# solution sets in linear algebra

• Feb 12th 2011, 02:04 PM
situation
solution sets in linear algebra
hey ive been given a system of equations:

$w+x+y+z=5 ; w+x+y+2z=6 ; 2w+2x+2y+3z=11$

i put this into an augmented matrix and got w+x+y=4 so im guessing that this gives a solution set which is that plane..how do i write this mathematically and am i correct??

thank you
• Feb 12th 2011, 02:19 PM
dwsmith
Quote:

Originally Posted by situation
hey ive been given a system of equations:

$w+x+y+z=5 ; w+x+y+2z=6 ; 2w+2x+2y+3z=11$

i put this into an augmented matrix and got w+x+y=4 so im guessing that this gives a solution set which is that plane..how do i write this mathematically and am i correct??

thank you

You should have gotten:

$\displaystyle\begin{bmatrix}1&1&1&0&4\\0&0&0&1&1\\ 0&0&0&0&0\end{bmatrix}$

$w=4-x-y$

x and y are free

$z=1$

$\displaystyle\left\{\begin{bmatrix}4-x-y\\x\\y\\1\end{bmatrix}\right\}$
• Feb 12th 2011, 02:58 PM
topspin1617
Quote:

Originally Posted by situation
hey ive been given a system of equations:

$w+x+y+z=5 ; w+x+y+2z=6 ; 2w+2x+2y+3z=11$

i put this into an augmented matrix and got w+x+y=4 so im guessing that this gives a solution set which is that plane..how do i write this mathematically and am i correct??

thank you

In a nutshell, you are exactly right.
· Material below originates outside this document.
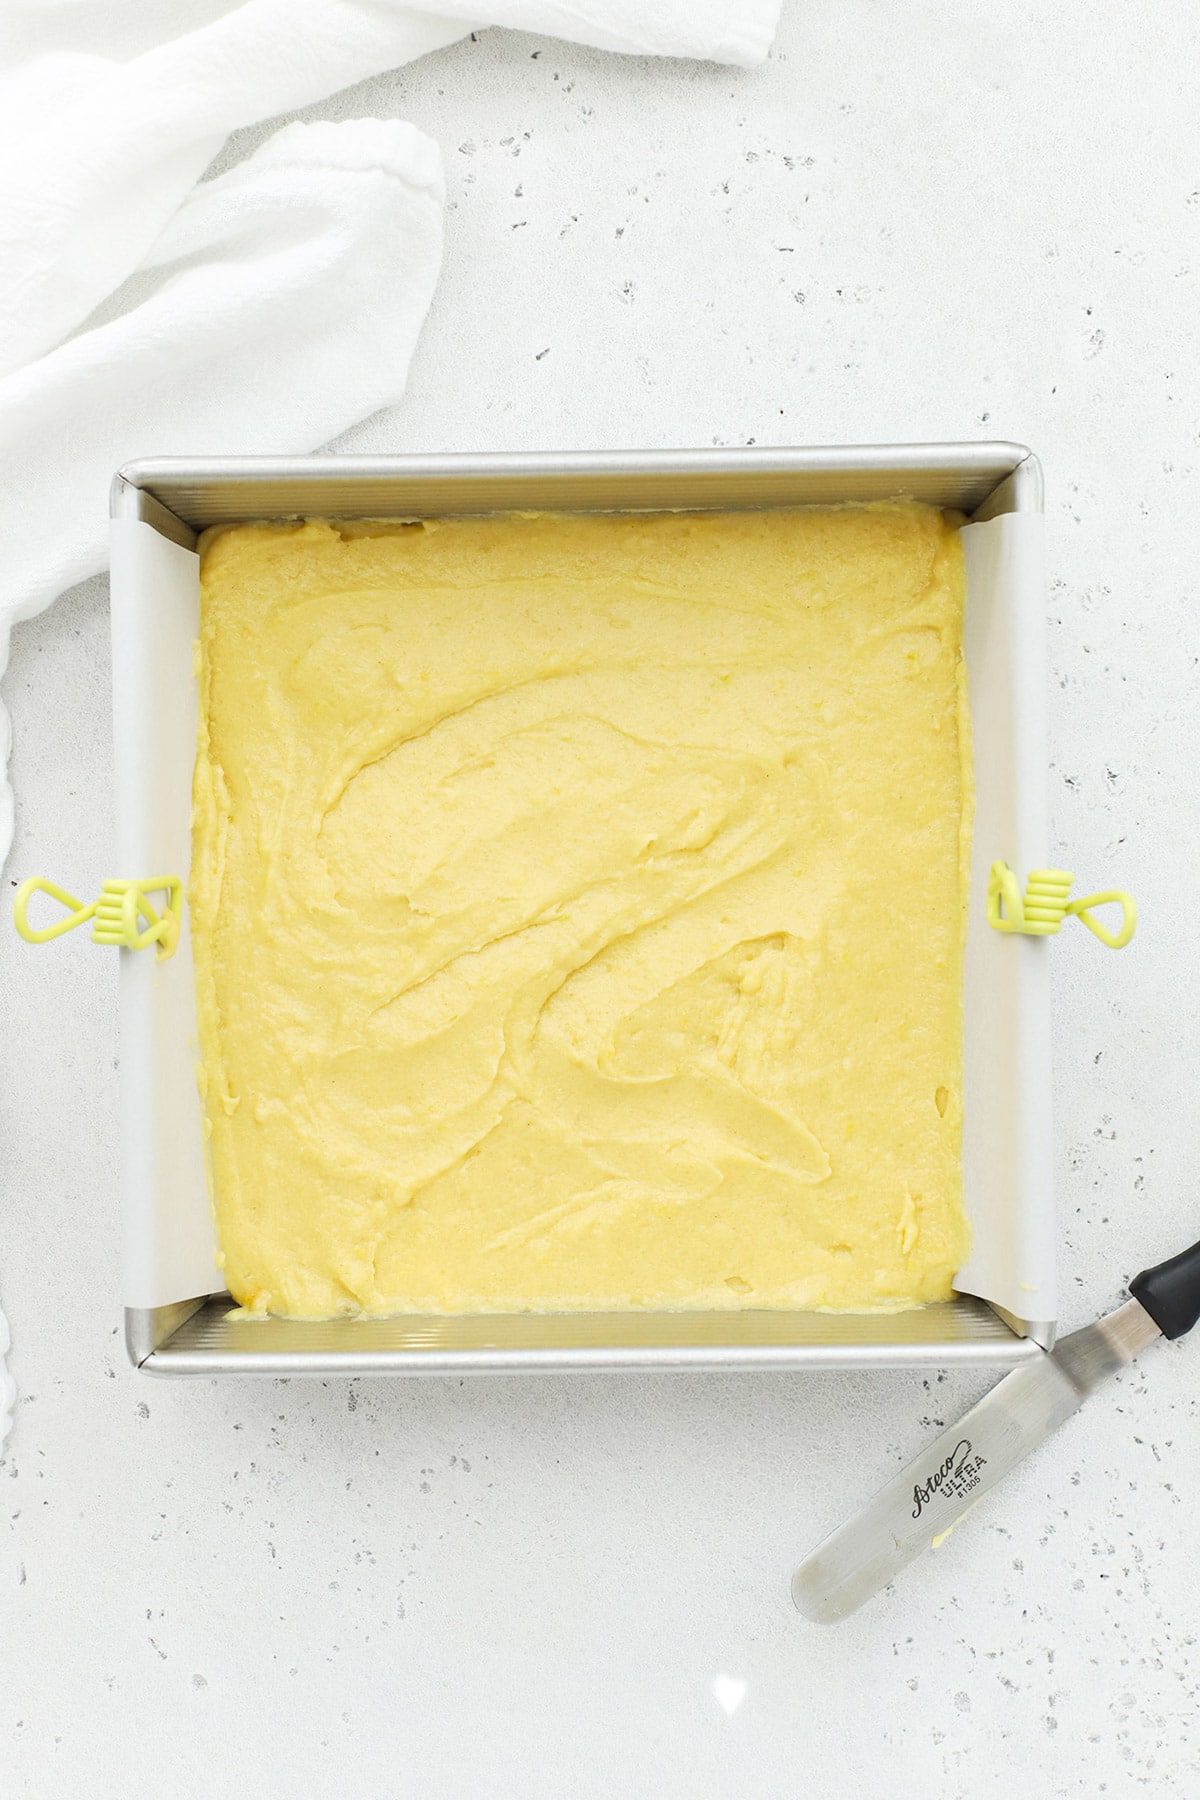 Spreading gluten-free lemon brownie batter into a baking pan
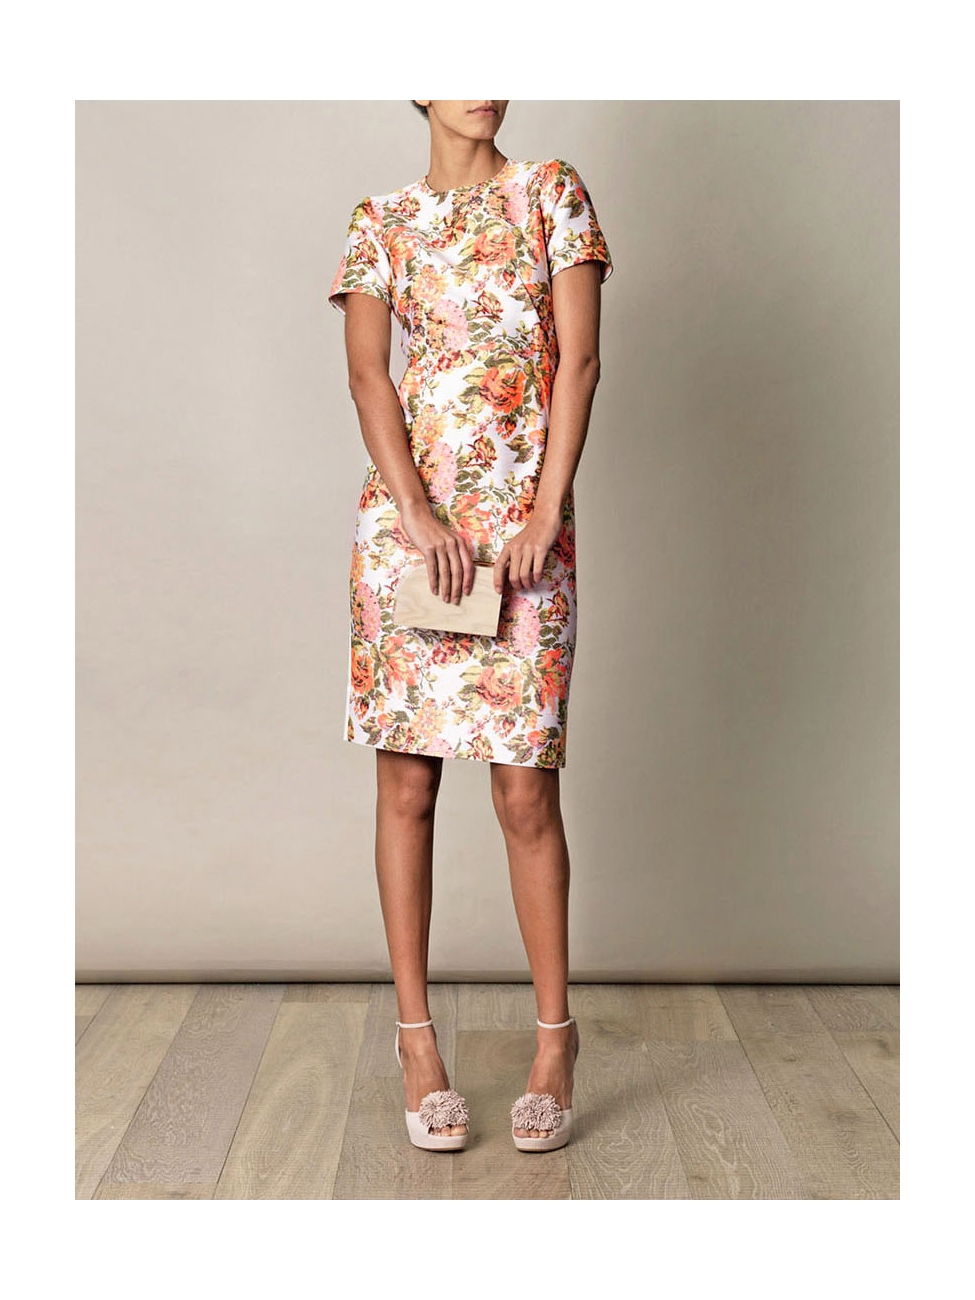 Boutique STELLA MCCARTNEY Ridley neon floral print jacquard dress

From the first two equations alone, we can see $z=1$. Plugging this in to the equations, we just get the same equation repeated three times: $w+x+y=4$. One equation in three values means that two of the variables are free (can be anything), and the value of the third depends on the values of the first two. So if, for example, $x=s,y=t$, then the set of all solutions would look like vectors (or points) of the form

$\left(\begin{array}{c}{x\\y\\z\\w}\end{array}\righ t)=\left(\begin{array}{c}{4-s-t\\s\\t\\1}\end{array}\right)=\left(\begin{array}{ c}{4\\0\\0\\1}\end{array}\right)+s\left(\begin{arr ay}{c}{-1\\1\\0\\0}\end{array}\right)+t\left(\begin{array} {c}{-1\\0\\1\\0}\end{array}\right)$

(many linear algebra tests would write the solution in the latter form, separating pieces corresponding to the independent parameters. But you don't HAVE to; there is absolutely nothing wrong with writing it the other way).
• Feb 12th 2011, 03:12 PM
situation
Quote:

Originally Posted by topspin1617
In a nutshell, you are exactly right. From the first two equations alone, we can see $z=1$. Plugging this in to the equations, we just get the same equation repeated three times: $w+x+y=4$. One equation in three values means that two of the variables are free (can be anything), and the value of the third depends on the values of the first two. So if, for example, $x=s,y=t$, then the set of all solutions would look like vectors (or points) of the form

$\left(\begin{array}{c}{x\\y\\z\\w}\end{array}\righ t)=\left(\begin{array}{c}{4-s-t\\s\\t\\1}\end{array}\right)=\left(\begin{array}{ c}{4\\0\\0\\1}\end{array}\right)+s\left(\begin{arr ay}{c}{-1\\1\\0\\0}\end{array}\right)+t\left(\begin{array} {c}{-1\\0\\1\\0}\end{array}\right)$

(many linear algebra tests would write the solution in the latter form, separating pieces corresponding to the independent parameters. But you don't HAVE to; there is absolutely nothing wrong with writing it the other way).

thanks for that dude, the question in the text book is asking for the solution set in parametric form..also the next part asks me to solve the system with the same coefficient matrix but just augmented with the zero vector instead...the associated homogeneous system. not sure how i do that though :S

thanks
• Feb 12th 2011, 03:15 PM
dwsmith
Quote:

Originally Posted by situation
thanks for that dude, the question in the text book is asking for the solution set in parametric form..also the next part asks me to solve the system with the same coefficient matrix but just augmented with the zero vector instead...the associated homogeneous system. not sure how i do that though :S

thanks

Solve the matrix without the last column vector.
• Feb 12th 2011, 03:16 PM
situation
Quote:

Originally Posted by dwsmith
Solve the matrix without the last column vector.

ill give it a go now thanks.
• Feb 12th 2011, 03:52 PM
topspin1617
Quote:

Originally Posted by situation
thanks for that dude, the question in the text book is asking for the solution set in parametric form..also the next part asks me to solve the system with the same coefficient matrix but just augmented with the zero vector instead...the associated homogeneous system. not sure how i do that though :S

thanks

Yea.... basically means instead of =4, =5, =6, take the same equations with =0, =0 =0.